General informations about clients
Submitted by thindil on Tue, 09/16/2008 - 10:05.
1. Downloading workunit
- Address of server with workunit should be available to set by user.
- Client connect to server by HTTP protocol and send username and password by basic access authentication without waiting for authentication challenge from server.
- After successfully authorization, download new workunit file.
- If client use proxy, must send two additional HTTP headers:
Cache-control: no-cache\r\n
Pragma: no-cache\r\n
- If client have support for run multiple crawlers simultaneously, should queue all crawlers (so, only one crawler connect to server from client in this same time).
2. Crawling
- Client should check correctness of downloaded workunit before start crawling. If workunit is invalid, drop it and back to download stage.
- Crawls the URLs given by the workunit. For each URL in a workunit, sends one request to the given host.
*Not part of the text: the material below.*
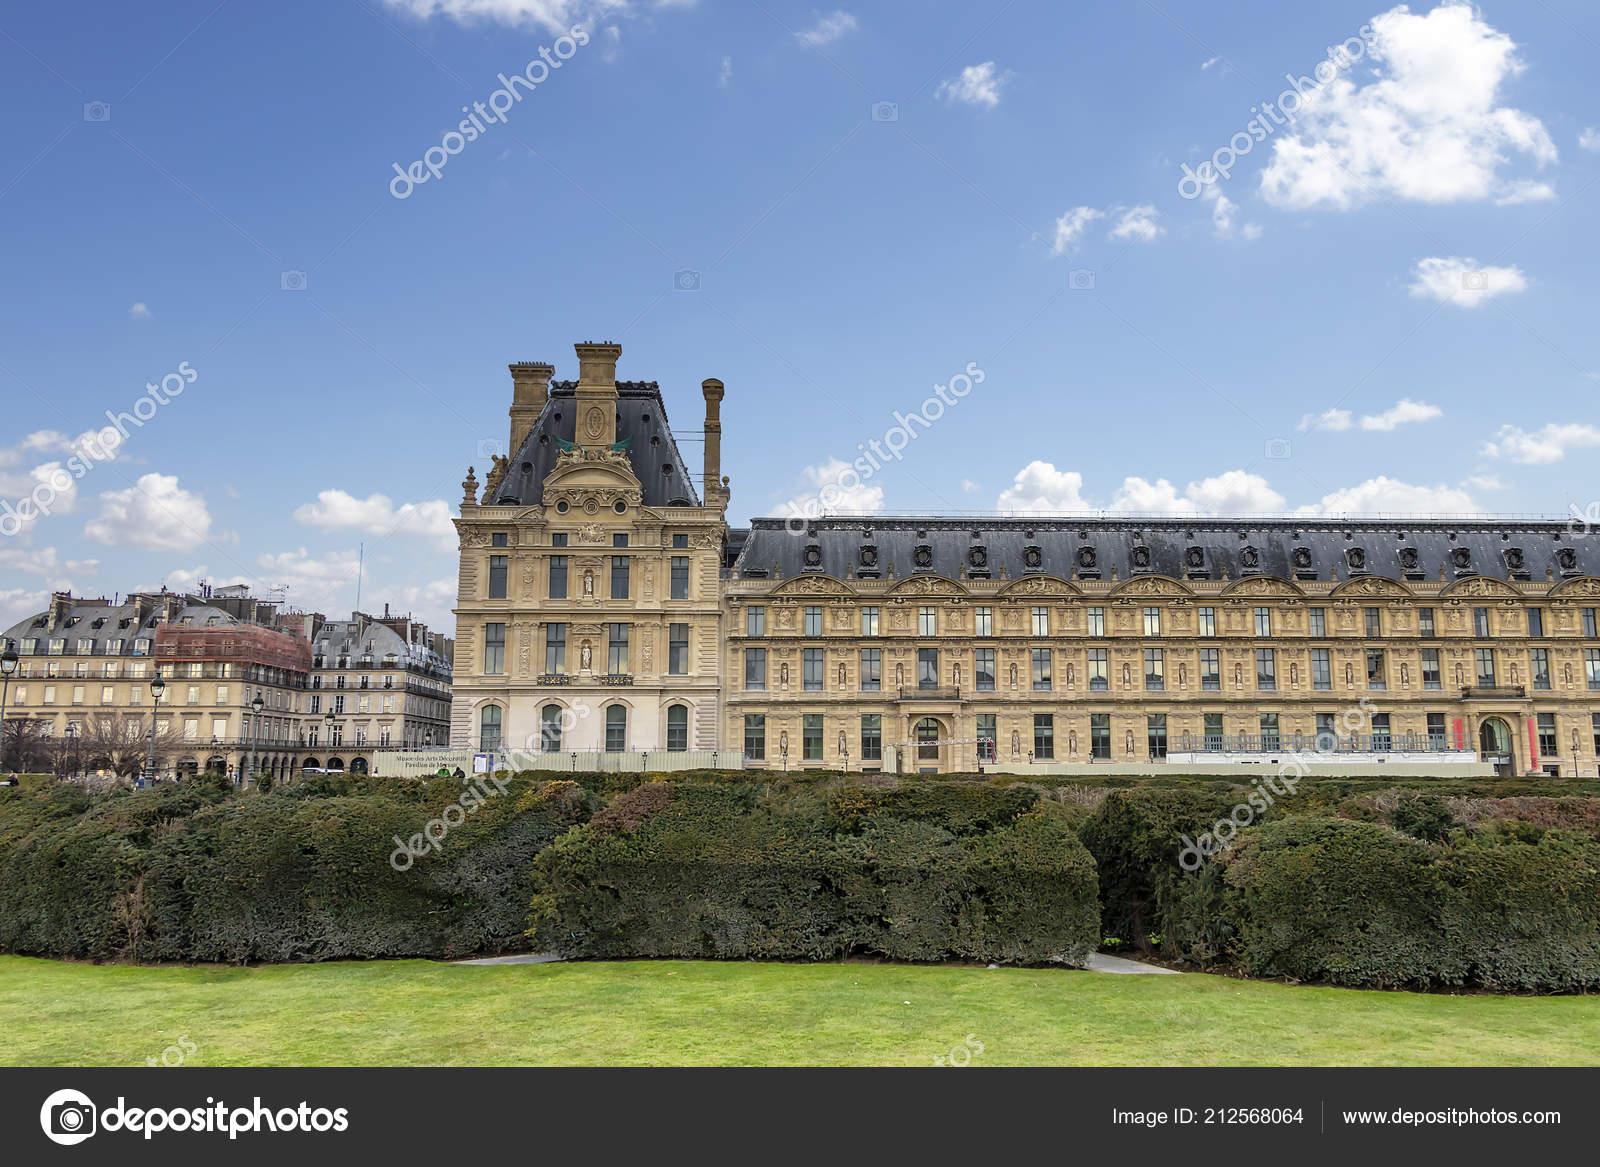 Das Nationalmuseum Fur Dekorative Kunst Paris Frankreich Stockfoto

If a response is received, writes the response text in an .arc file.
- If response HTTP code is 200, client must parse response for new URL and create sitemap file with this same name like .arc file.
- Client must have ability to set maximum amount of bytes received in one request. By default set on 25 MB on request (later client been read it from workunits). If server send more bytes, client should wrote to .arc file only part of response.
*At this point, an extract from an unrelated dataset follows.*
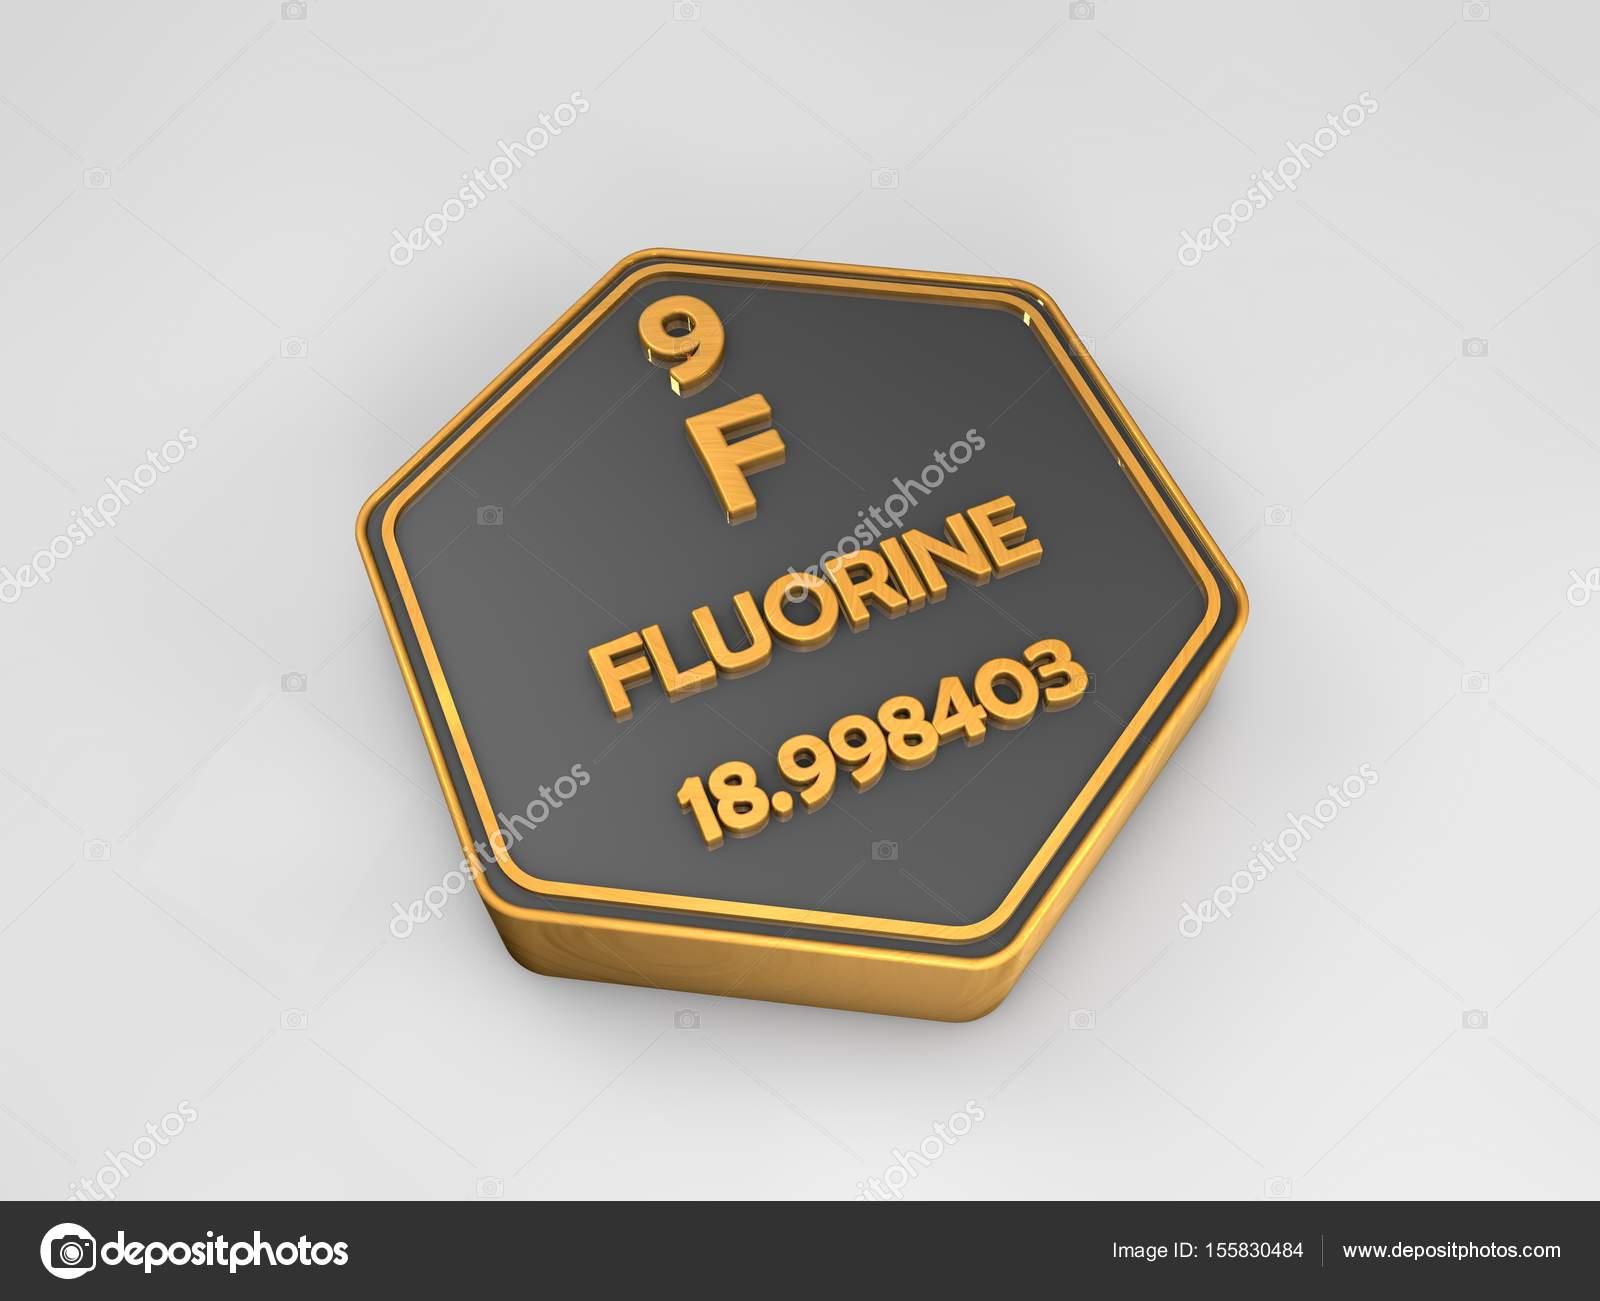 Ilustracin 3d de forma hexagonal de tabla peridica de elementos ilustracin 3d de forma hexagonal de tabla peridica de elementos qumicos de flor f urtaz Choice Image

- The client does not follow any links on the crawled pages and does not follow any redirects.
- If server return only HTTP headers, client must write that page as a client error
- Client must check content page for META ROBOTS tag. If page cannot be indexed (NOINDEX tag), client must write that page as a client error. If URL's from page cannot be fetched (NOFOLLOW tag) client cannot create sitemap file from that page
- HTTP version of request client must read from workunit file.
- Request type (at this moment - GET) client must read from workunit file.
- HTTP error codes for client:
204 - server not sent page content (when server answer is HTTP 200 and server sent only HTTP headers)
403 - page cannot be indexed due to META ROBOTS tag
404 - client cannot resolve server IP via DNS
408 - timeout
503 - server not sent any data (client connect to server but don't get any data in response)
All other errors must be encoded as HTTP 500. All errors must be written in .arc file. Example:
http://test 0.0.0.0 20080916122745 application/x-grub-error 39\n
HTTP/1.0 500 Invalid URL\r\n
\r\n
Invalid URL\n
- Order must be preserved and every request must be represented in the .arc file (none can be skipped) so that the Grub server can validate an entire workunit from the resulting .arc.
- Minimal set of HTTP headers send by client should be:
Accept: */*\r\n
Accept-encoding: gzip,deflate\r\n
Connection: close\r\n
User-Agent: [delivered from workunit file]\r\n
- If client use proxy, must send additional HTTP headers:
For HTTP/1.0
Pragma: no-cache\r\n
For HTTP/1.1
Cache-control: no-cache\r\n
Pragma: no-cache\r\n
- After successful crawling, client must compress .arc and sitemap files by Gzip program.
3. Uploading .arc files
- Address of upload server client must read from workunit file.
- Client connect to server by HTTP protocol and send compressed .arc file.
- Minimal set of HTTP headers send by client should be:
Connection: keep-alive\r\n
Content-Length: [.arc.gz + HTTP headers length in bytes]\r\n
- Request type (at this moment - PUT) client must read from workunit file.
- Delete .arc file.
- If client have support for run multiple crawlers simultaneously, should queue all crawlers (so, only one crawler connect to server from client in this same time).
4. Uploading sitemap files
- Address of upload server for sitemaps should be available to set by user.
- Client connect to server by HTTP protocol and send username and password by basic access authentication without waiting for authentication challenge from server.
- After successfully authorization, upload sitemap file.
- If client have support for run multiple crawlers simultaneously, should queue all crawlers (so, only one crawler connect to server from client in this same time).
5. Optional (but recommended) client features.
- Ability to set maximum download and upload speed for crawler(s)